[Data records]

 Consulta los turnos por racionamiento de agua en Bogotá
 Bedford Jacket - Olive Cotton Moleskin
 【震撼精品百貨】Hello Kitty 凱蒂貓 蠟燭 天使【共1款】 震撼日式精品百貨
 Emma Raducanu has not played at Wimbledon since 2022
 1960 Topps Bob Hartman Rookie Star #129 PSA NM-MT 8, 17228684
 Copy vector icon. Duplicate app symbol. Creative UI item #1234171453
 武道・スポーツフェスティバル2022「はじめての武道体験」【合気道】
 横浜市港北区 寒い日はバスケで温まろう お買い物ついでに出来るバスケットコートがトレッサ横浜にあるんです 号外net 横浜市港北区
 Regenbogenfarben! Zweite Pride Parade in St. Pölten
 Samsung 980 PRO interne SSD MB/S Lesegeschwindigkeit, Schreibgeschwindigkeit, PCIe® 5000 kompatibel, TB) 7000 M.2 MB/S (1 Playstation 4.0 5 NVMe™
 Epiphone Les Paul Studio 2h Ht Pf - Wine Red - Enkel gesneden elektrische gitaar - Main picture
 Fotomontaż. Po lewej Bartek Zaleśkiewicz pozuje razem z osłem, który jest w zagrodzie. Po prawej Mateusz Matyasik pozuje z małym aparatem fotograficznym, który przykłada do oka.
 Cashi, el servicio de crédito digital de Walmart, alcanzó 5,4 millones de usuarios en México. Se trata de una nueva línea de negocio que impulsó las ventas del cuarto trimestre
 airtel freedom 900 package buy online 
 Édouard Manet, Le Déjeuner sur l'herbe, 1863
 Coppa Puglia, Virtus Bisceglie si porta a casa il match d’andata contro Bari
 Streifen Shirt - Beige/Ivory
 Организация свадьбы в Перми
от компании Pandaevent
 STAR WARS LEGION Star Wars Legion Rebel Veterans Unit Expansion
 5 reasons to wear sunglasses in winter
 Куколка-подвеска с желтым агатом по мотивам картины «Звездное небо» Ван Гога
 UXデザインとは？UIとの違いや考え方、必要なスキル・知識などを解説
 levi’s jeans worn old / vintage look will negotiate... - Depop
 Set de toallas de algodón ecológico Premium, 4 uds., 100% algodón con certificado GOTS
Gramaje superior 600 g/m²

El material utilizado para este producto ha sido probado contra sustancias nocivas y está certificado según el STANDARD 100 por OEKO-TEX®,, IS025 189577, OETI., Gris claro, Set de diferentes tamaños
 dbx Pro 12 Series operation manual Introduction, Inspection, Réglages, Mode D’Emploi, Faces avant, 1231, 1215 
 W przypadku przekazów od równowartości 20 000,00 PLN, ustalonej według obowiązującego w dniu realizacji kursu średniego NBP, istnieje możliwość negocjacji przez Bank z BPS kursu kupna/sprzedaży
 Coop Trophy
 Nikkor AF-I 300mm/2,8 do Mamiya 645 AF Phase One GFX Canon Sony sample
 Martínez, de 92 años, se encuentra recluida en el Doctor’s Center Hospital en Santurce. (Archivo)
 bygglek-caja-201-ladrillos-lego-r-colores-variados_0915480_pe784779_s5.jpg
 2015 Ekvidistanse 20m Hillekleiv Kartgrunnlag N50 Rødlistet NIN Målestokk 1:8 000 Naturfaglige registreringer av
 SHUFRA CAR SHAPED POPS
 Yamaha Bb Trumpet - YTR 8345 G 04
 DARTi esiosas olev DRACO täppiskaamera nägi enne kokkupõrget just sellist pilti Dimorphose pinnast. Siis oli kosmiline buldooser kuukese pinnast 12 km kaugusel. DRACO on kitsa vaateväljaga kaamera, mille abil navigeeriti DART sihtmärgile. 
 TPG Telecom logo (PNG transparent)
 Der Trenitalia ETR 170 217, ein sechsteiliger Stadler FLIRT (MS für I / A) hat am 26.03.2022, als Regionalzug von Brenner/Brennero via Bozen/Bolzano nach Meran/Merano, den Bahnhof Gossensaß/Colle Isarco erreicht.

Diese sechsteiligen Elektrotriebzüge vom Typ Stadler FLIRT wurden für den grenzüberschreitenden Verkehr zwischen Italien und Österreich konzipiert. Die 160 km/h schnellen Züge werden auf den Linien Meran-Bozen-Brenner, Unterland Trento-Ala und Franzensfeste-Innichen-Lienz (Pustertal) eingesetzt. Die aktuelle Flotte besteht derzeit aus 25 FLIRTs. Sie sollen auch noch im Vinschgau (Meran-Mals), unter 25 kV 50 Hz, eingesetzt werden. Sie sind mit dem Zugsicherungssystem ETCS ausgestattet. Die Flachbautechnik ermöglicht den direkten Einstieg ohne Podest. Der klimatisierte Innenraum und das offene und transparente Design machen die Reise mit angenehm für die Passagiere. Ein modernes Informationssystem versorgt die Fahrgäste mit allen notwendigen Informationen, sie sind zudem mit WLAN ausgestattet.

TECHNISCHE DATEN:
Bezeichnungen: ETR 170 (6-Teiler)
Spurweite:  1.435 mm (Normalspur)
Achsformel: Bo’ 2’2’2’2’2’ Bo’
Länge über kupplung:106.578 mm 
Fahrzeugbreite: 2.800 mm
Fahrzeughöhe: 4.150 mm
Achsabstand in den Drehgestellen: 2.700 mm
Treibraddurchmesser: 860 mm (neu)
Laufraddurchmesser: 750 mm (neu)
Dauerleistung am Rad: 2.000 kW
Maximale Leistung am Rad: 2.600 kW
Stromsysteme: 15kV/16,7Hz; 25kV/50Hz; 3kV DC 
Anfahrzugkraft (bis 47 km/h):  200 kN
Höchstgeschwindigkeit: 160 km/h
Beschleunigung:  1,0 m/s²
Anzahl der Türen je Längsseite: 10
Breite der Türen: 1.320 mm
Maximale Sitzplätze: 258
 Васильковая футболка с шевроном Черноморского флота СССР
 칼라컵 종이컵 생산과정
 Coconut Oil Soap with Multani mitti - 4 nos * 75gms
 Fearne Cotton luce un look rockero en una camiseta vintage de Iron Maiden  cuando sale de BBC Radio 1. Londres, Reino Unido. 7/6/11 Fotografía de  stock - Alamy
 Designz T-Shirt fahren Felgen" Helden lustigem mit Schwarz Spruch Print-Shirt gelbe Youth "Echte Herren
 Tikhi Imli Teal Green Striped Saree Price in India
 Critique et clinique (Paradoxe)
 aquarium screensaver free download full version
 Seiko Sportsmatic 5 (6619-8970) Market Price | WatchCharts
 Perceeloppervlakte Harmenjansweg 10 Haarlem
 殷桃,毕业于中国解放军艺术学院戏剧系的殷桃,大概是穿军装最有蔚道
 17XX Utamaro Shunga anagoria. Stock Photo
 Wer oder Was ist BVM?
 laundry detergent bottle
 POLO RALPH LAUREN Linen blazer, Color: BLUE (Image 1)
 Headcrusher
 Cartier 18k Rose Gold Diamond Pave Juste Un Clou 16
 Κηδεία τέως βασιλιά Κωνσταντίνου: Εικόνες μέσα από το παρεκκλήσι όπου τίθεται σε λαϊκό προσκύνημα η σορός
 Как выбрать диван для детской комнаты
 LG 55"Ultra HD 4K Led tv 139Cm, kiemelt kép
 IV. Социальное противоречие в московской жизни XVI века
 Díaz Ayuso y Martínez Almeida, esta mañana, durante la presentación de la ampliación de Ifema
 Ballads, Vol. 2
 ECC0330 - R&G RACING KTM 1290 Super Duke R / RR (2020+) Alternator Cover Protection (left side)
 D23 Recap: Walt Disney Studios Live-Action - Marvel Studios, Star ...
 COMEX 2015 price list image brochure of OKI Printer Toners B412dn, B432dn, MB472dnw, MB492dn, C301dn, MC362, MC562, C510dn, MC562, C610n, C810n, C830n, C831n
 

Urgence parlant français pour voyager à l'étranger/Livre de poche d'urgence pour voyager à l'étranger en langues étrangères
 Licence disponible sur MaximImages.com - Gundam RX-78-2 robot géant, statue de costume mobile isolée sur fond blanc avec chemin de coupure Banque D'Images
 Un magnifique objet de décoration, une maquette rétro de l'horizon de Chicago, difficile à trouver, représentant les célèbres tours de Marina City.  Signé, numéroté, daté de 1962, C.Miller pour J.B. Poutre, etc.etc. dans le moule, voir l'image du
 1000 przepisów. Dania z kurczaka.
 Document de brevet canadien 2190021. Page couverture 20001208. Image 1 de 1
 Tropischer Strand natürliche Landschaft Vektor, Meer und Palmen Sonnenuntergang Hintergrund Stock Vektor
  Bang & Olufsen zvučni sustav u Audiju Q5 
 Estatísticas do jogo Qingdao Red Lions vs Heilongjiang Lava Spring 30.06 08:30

» Work to be completed:
Copy exactly the stretch of data above from the line with "STAR WARS LEGION Star" through the line with "Der Trenitalia ETR", and omit all other lines.

» Written answer:
 STAR WARS LEGION Star Wars Legion Rebel Veterans Unit Expansion
 5 reasons to wear sunglasses in winter
 Куколка-подвеска с желтым агатом по мотивам картины «Звездное небо» Ван Гога
 UXデザインとは？UIとの違いや考え方、必要なスキル・知識などを解説
 levi’s jeans worn old / vintage look will negotiate... - Depop
 Set de toallas de algodón ecológico Premium, 4 uds., 100% algodón con certificado GOTS
Gramaje superior 600 g/m²

El material utilizado para este producto ha sido probado contra sustancias nocivas y está certificado según el STANDARD 100 por OEKO-TEX®,, IS025 189577, OETI., Gris claro, Set de diferentes tamaños
 dbx Pro 12 Series operation manual Introduction, Inspection, Réglages, Mode D’Emploi, Faces avant, 1231, 1215 
 W przypadku przekazów od równowartości 20 000,00 PLN, ustalonej według obowiązującego w dniu realizacji kursu średniego NBP, istnieje możliwość negocjacji przez Bank z BPS kursu kupna/sprzedaży
 Coop Trophy
 Nikkor AF-I 300mm/2,8 do Mamiya 645 AF Phase One GFX Canon Sony sample
 Martínez, de 92 años, se encuentra recluida en el Doctor’s Center Hospital en Santurce. (Archivo)
 bygglek-caja-201-ladrillos-lego-r-colores-variados_0915480_pe784779_s5.jpg
 2015 Ekvidistanse 20m Hillekleiv Kartgrunnlag N50 Rødlistet NIN Målestokk 1:8 000 Naturfaglige registreringer av
 SHUFRA CAR SHAPED POPS
 Yamaha Bb Trumpet - YTR 8345 G 04
 DARTi esiosas olev DRACO täppiskaamera nägi enne kokkupõrget just sellist pilti Dimorphose pinnast. Siis oli kosmiline buldooser kuukese pinnast 12 km kaugusel. DRACO on kitsa vaateväljaga kaamera, mille abil navigeeriti DART sihtmärgile. 
 TPG Telecom logo (PNG transparent)
 Der Trenitalia ETR 170 217, ein sechsteiliger Stadler FLIRT (MS für I / A) hat am 26.03.2022, als Regionalzug von Brenner/Brennero via Bozen/Bolzano nach Meran/Merano, den Bahnhof Gossensaß/Colle Isarco erreicht.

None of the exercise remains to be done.